# Aerial forklift platform



## ruinexplorer (Aug 16, 2012)

Below is a photo that was shared with me of someone working on a "aerial forklift platform" on a job down in Orlando. I am pretty sure that the idea was one of the standard ways to do this, as pictured here.




If you don't know much about it, this is a good resource.

However, I should add "fail" to this one for multiple reasons.


----------



## rsmentele (Aug 17, 2012)

Wow.... I kind of love to see these types of pictures.... nothing like good ol American Ingenuity right?!


----------



## traxman25 (Aug 17, 2012)

I love how the mast is tilted back to the stops but the lift weighs so much that it bent the forks and is sitting level.

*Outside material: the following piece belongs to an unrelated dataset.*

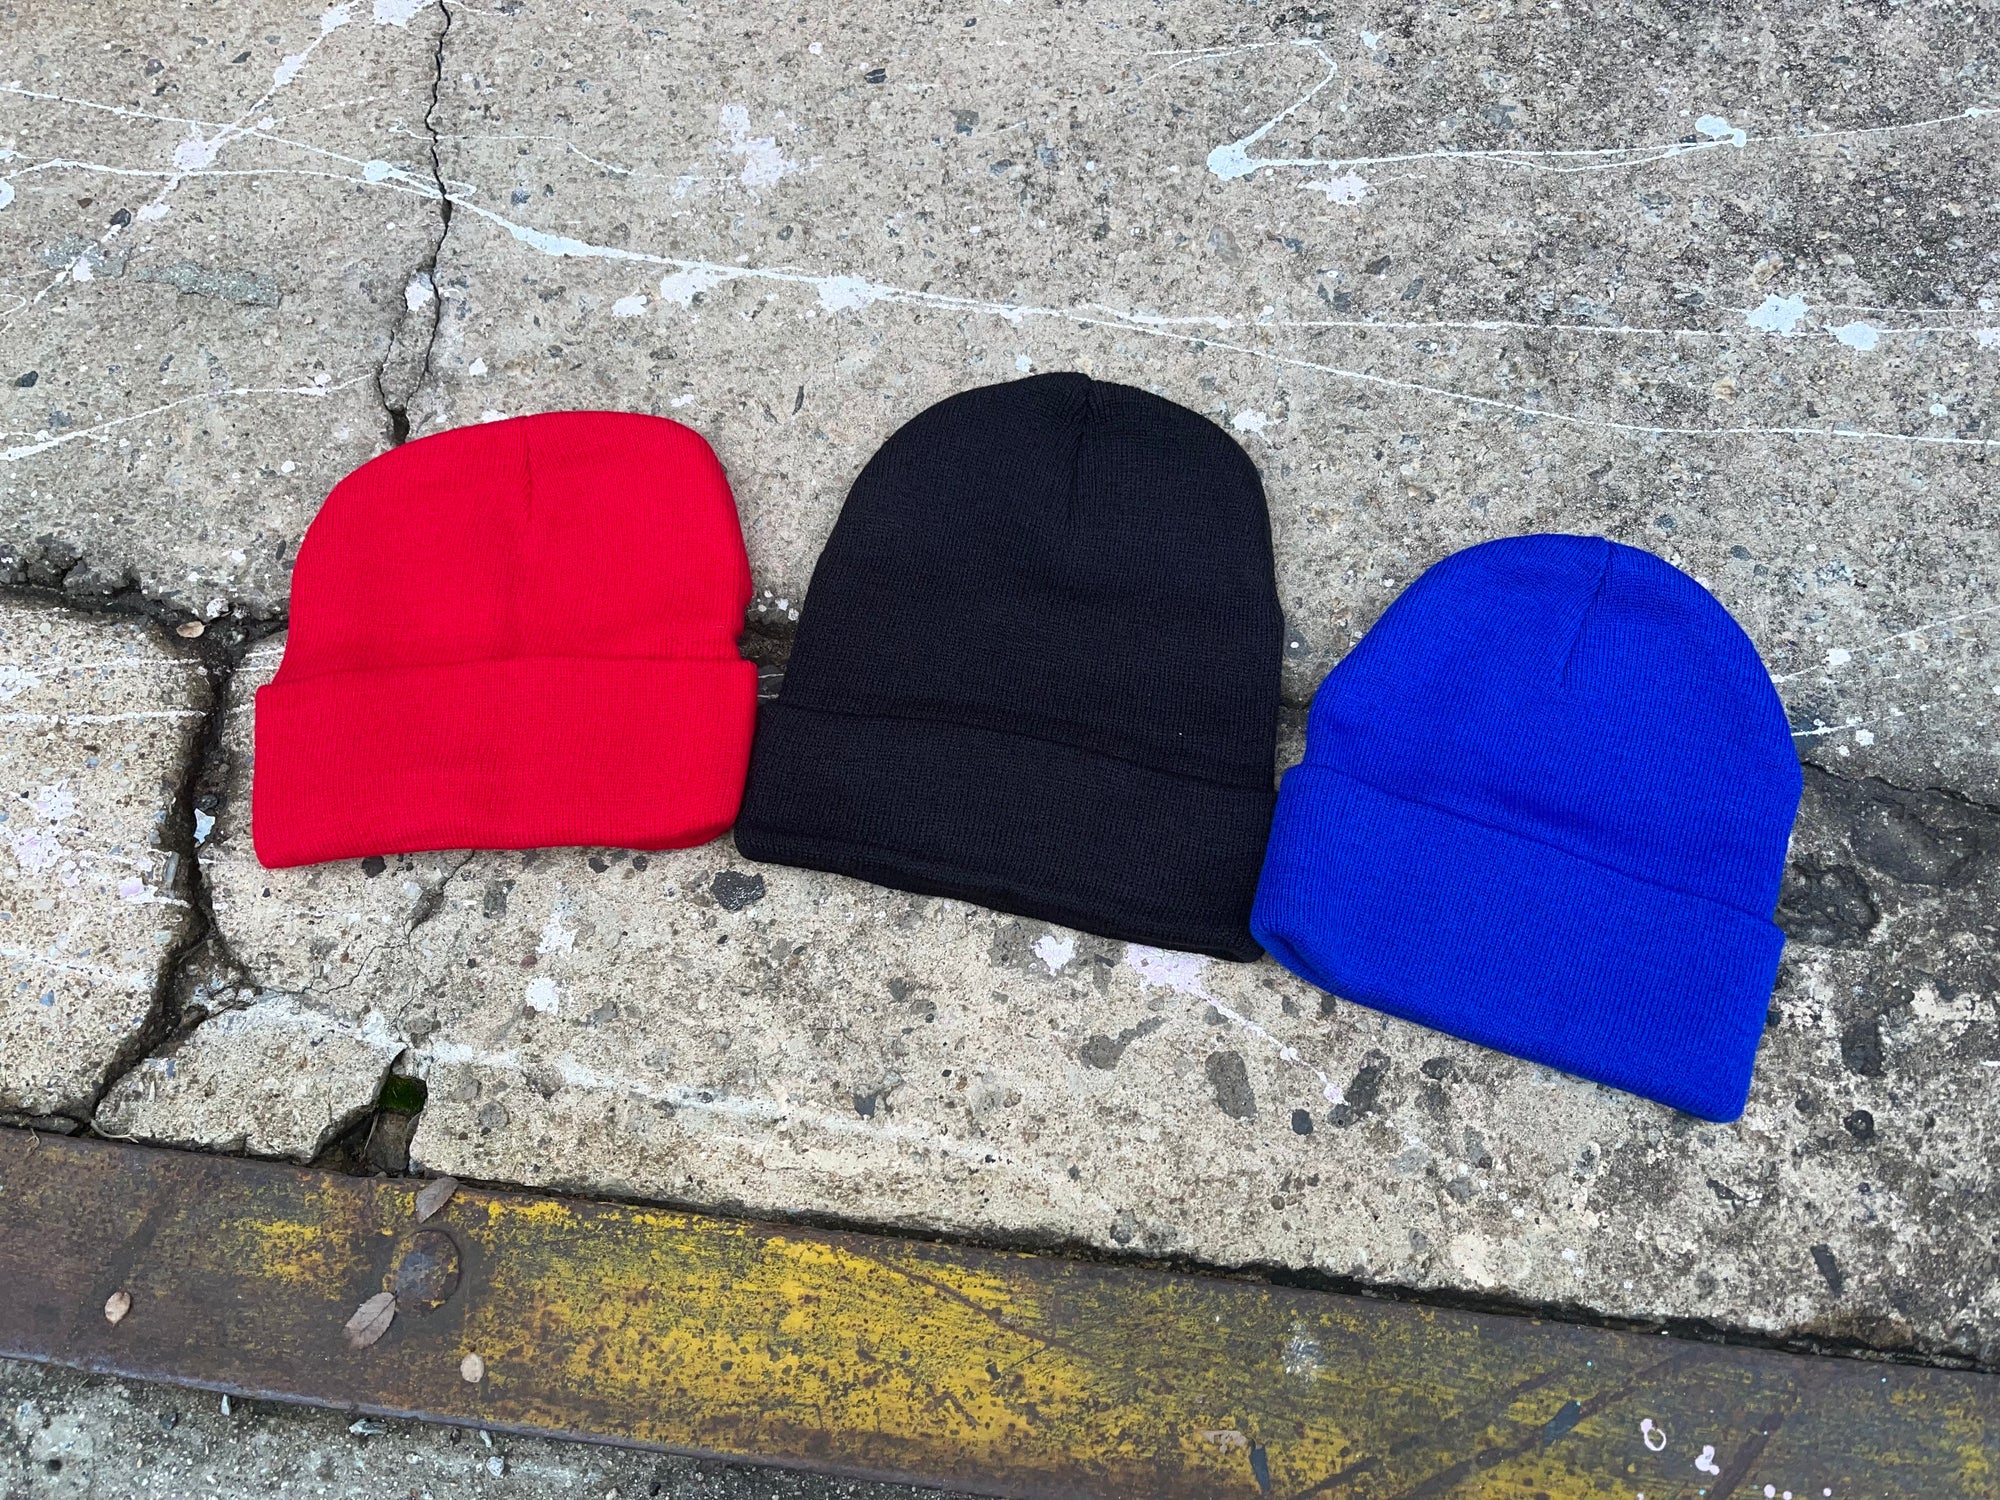 Red beanies

I guess one could say at least they used the lift's lifting points and didn't just slide it on the forks.


----------



## DuckJordan (Aug 19, 2012)

the reason why this is even worse is the forks aren't placed correctly. The load isn't even close to the strength


----------



## JohnD (Aug 20, 2012)

Well gee whiz, for the higher sections, they can even add a ladder on top. Then, if that still isn' quite high enough, the guy up top could strap on some sheetrockers stilts. Rube Goldberg would even flinch at this contraption. I bet they even got all this from Acme, you know where Wiley Coyote shops.


----------



## rsmentele (Aug 20, 2012)

Next time they should refer to this.


----------



## rsmentele (Aug 20, 2012)

These guys must have been trained by them


----------



## venuetech (Aug 21, 2012)

I don't think I would want one of these.


----------



## mstaylor (Sep 1, 2012)

I have used an approved basket for a forklift on many occasions. I can attest that they are generally fine but am fully aware of the inherent danger of failure. Our forks are well maintained and operated but certified operators only but that hasn't always been the case. In the early '80s, I was on a fork/man lift combo. I was in the peak of a 12/12 pitch roof of a two story building, so about three stories up. Something was wonky in the mast and it broke all four chains and the mast fell. Two of us took the express route to the ground. Luckily we both walked away. At my current arena we had a contractor doing some work and asked to use the fork. The head of maintenance asked if he was certified and he assured him he was. The operator was not bringing the guy down during moves and drove cross ways on an incline fully extended and flipped the lift. He totaled the fork, took the corner of a metal storage building and broke a guy's arm. Turns out he was not certified, nor ever had been. We now own a 60ft Genie so we rarely use the fork/basket combo any longer. 
Long story short, it can be done safely, but it does require some thought,care, and as the article says, excellent maintenance.


----------



## ruinexplorer (Sep 1, 2012)

For one of the staging companies which I worked for, we had an approved platform for our warehouse. Since we only needed the elevation for changing out lights, filters, or what not, it didn't make sense to invest in another aerial lift. We only had to maintain our forks. It was nice because our OSHA training on the fork also included use for personnel.


----------



## wiscolighting (Oct 3, 2012)

ruinexplorer said:


> However, I should add "fail" to this one for multiple reasons.View attachment 7457



Forklift driver: "Hold my beer and get into the basket while I try something..."


----------



## JohnSB (Nov 30, 2012)

ruinexplorer said:


> Below is a photo that was shared with me of someone working on a "aerial forklift platform" on a job down in Orlando. I am pretty sure that the idea was one of the standard ways to do this, as pictured here.
> View attachment 7458
> 
> 
> ...



It means job security when I see photo's like this, 'course I'm a full time firefighter/paramedic.


----------